I’ve mentioned elsewhere on the site that I’m deep in the throes of puppy training. Every night for the last month, for example, I’ve dragged myself out of bed at some point between 2 and 4 AM to take him out to do his business, then I check in with my wife who is working remote overnights and try to get myself back to sleep.

Last night, when I was a good 99% asleep just before 3 AM, I had a weird moment of clarity:

“Oh my God. That hyper, repetitive track that plays on repeat almost the whole time you play Back to the Future is The Power of Love by Huey Lewis and the News at like 300% speed.”

Once I had the thought, there was no doubt in my mind that this was true, and I turned out to be right. I will never in my life explain how this happened in my bed, in the dark, while I was virtually unconscious.

We’ll talk about whether or not this is well-known in a moment, but first, a refresher on what the game’s background music sounds like:

Annoying on its own, but worse when you realize it trashes a classic worse than Weezer or a hundred bands more could ever do (phrasing intentional).

If you’re still having trouble getting how this was intended to resemble one of the greatest songs of the ’80s (this statement is non-negotiable), Hylian Warrior on YouTube has slowed the track down and matched it up with the original. Not to mention Huey Lewis and the NES is strong, strong title work.

Was I the last to know about this?

I’m going to argue “no,” and even fewer people seem to have some idea what actually happened here. The one and only big news outlet article I was able to dig up about this was published early this very year on Kotaku as part of a round-up of game trivia people rarely seem to discuss. In his review of the game, Angry Video Game Nerd is mad about the music (rightly), but doesn’t seem to mention what it is. In fact, at one point, he sarcastically asks, “Sounds just like the movie, right?” I wasn’t able to find knowledge of this in the comments, either.

That said, the Wikipedia entry for the game does acknowledge this little tidbit, clarifying that the game has two music tracks total. The other is a version of Chuck Berry’s Johnny B. Goode played later in the game at the same, way-too-fast tempo.

This information would have been lost on me forever because, to this day, I’ve never managed to make it that far into the damn game.

What did happen?

Wikipedia attributes this weird feature to “unknown reasons.” Kotaku’s managing editor who contributed the trivia to their article admitted she didn’t know the reason but suggested maybe it was to get around legal issues if they didn’t have rights to use the songs.

Yes, music copyright issues in games go back nigh these full 40 years.

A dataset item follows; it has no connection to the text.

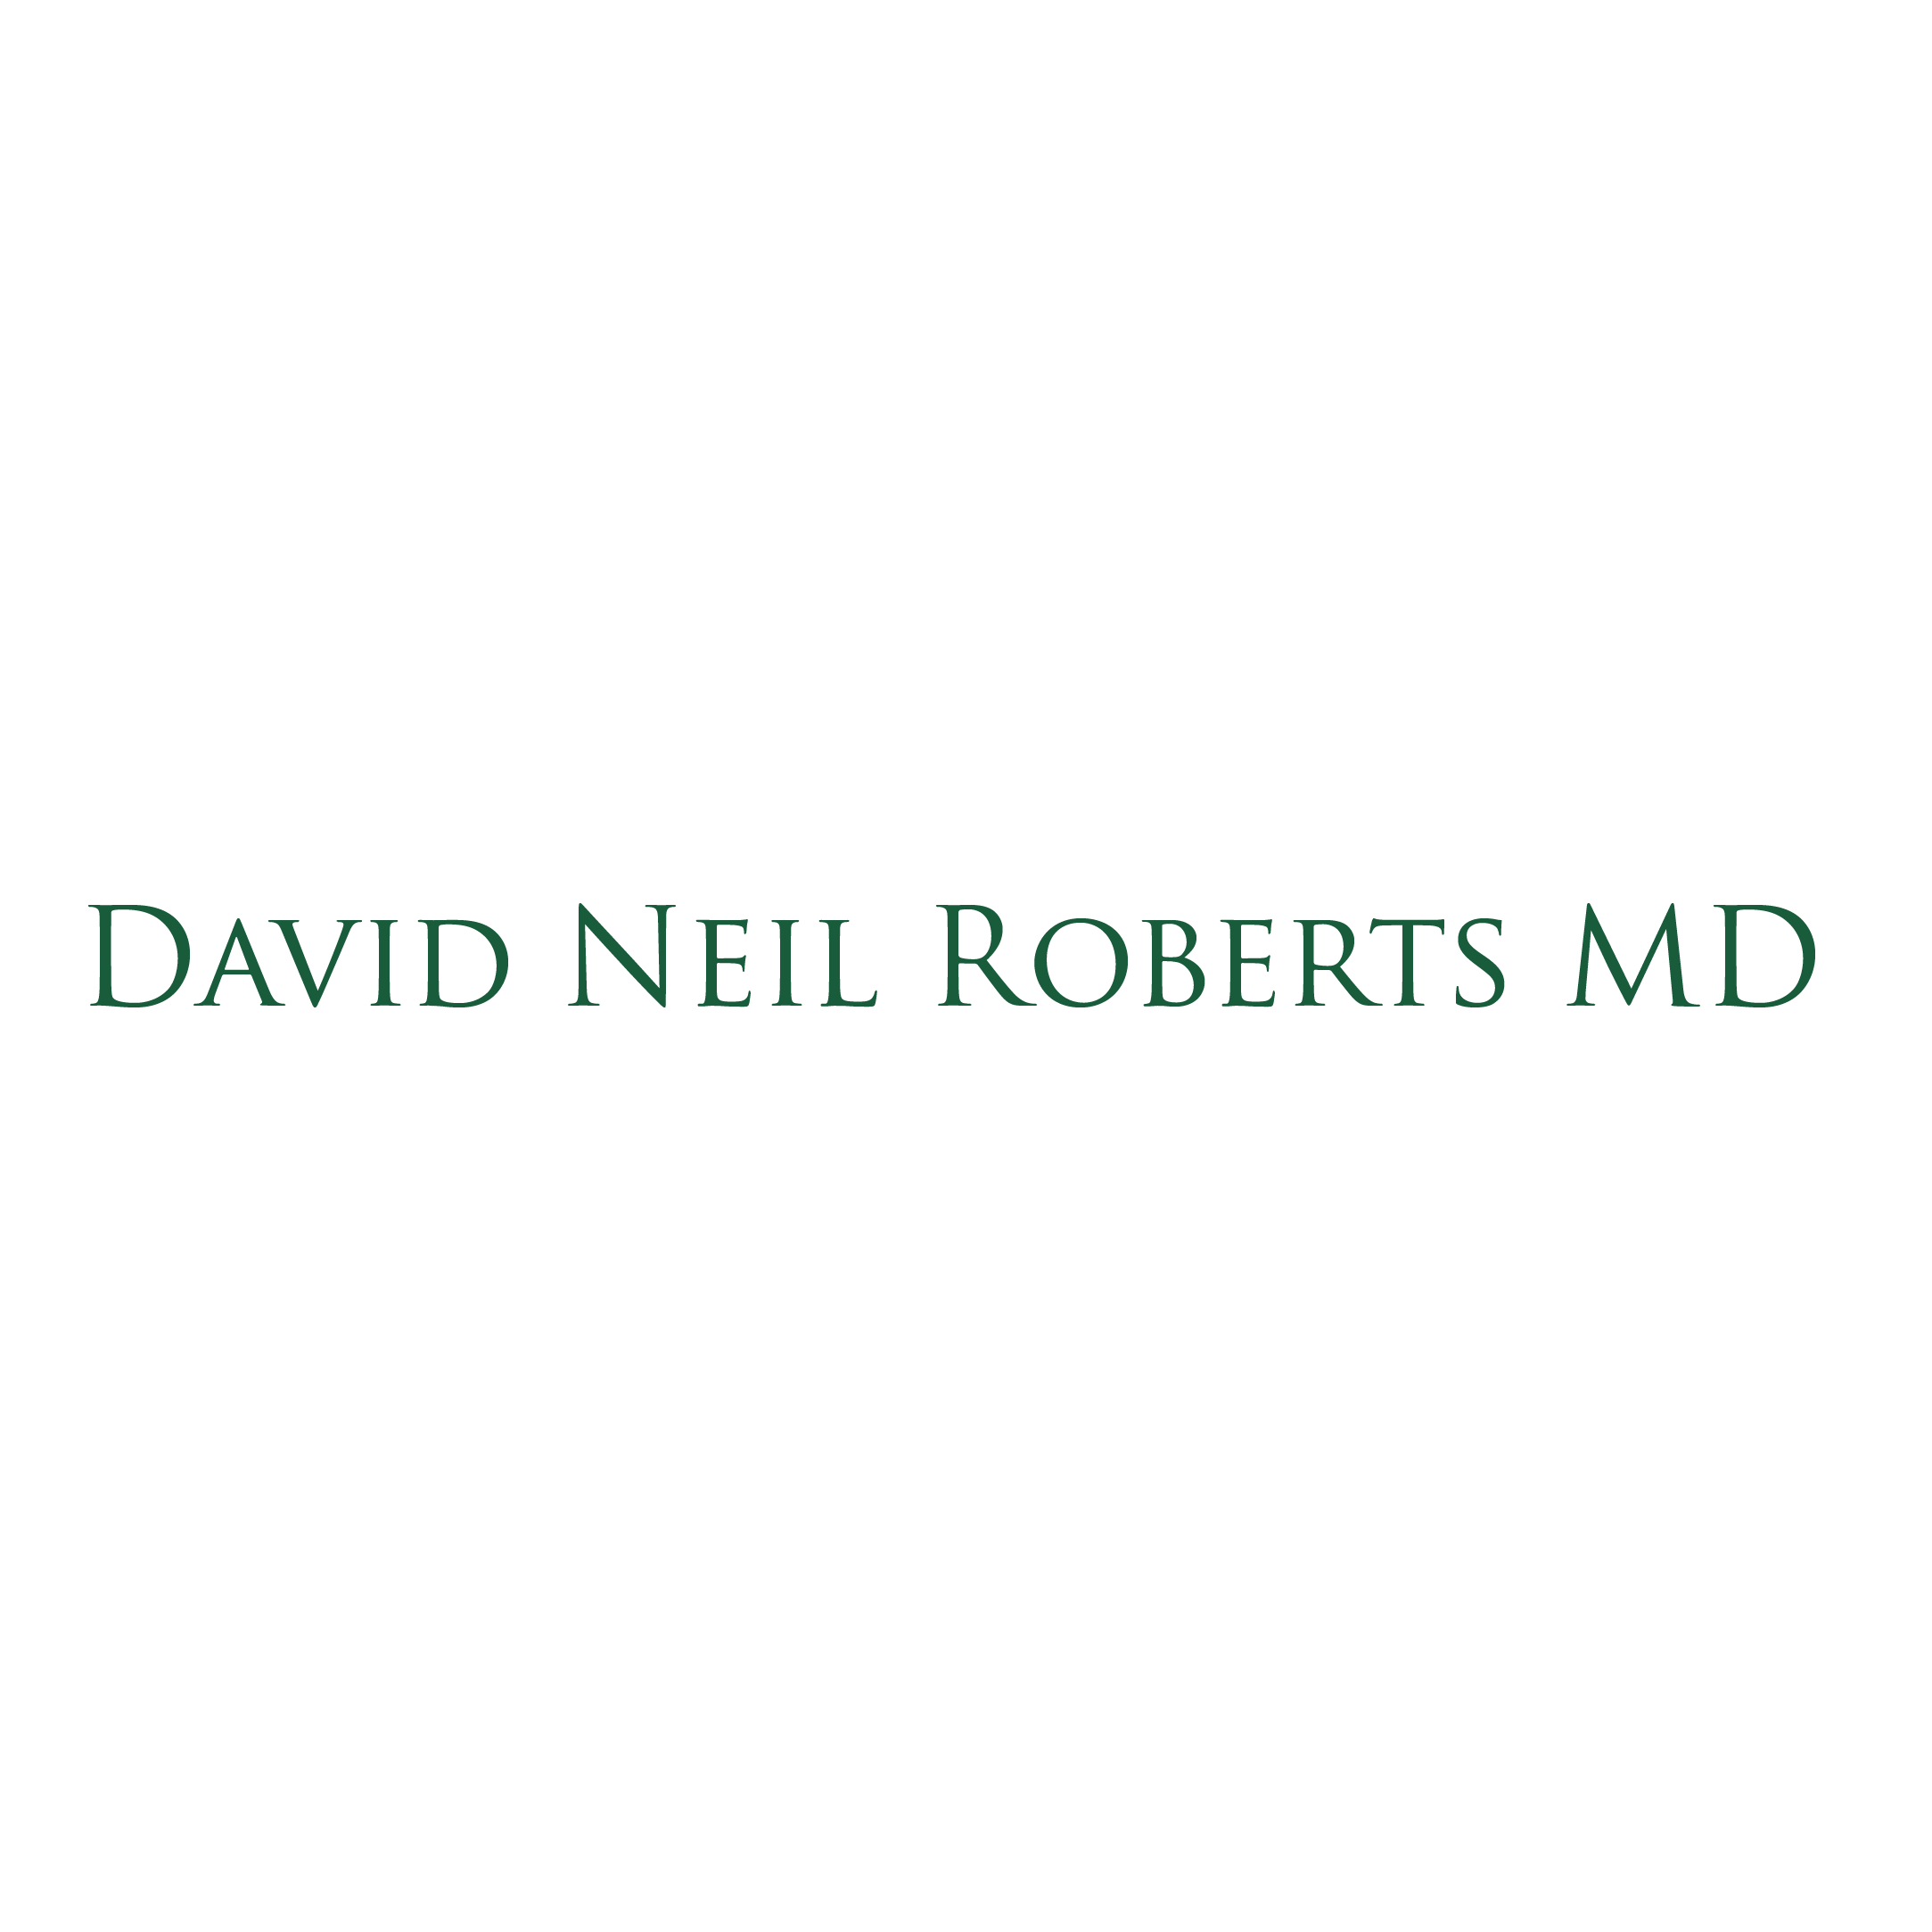 Dr. David Neil Roberts, M.D. Photo

But I’ve dug up more of the story, and apparently, it wasn’t the music rights that led to the bizarre tempo choice–if indeed it was a choice at all.

BTTF was developed for LJN by Australian studio Beam Software, whose time in the industry is actually pretty well documented. The best source of information I’ve found, albeit not-quite-verifiable, is at the Video Game Music Preservation Foundation Wiki. The VGMPF says Gavan Anderson, both a career musician and programmer, worked at Beam from 1988 to 1999, and that Anderson explained some details to the site directly.

“Gavan Anderson has given us confirmation that he created the music and sound effects in this game,” says the VGMPF entry for Back to the Future. “Gavan wrote the music using Beam Software’s audio driver and entered the music in Music Macro Language. He said that the programmers chose the tempo for the music.”

The entry’s author says this is evident in the music files in the source code which lack any tempo setting and apparently relying on the coders to work out the beats per minute.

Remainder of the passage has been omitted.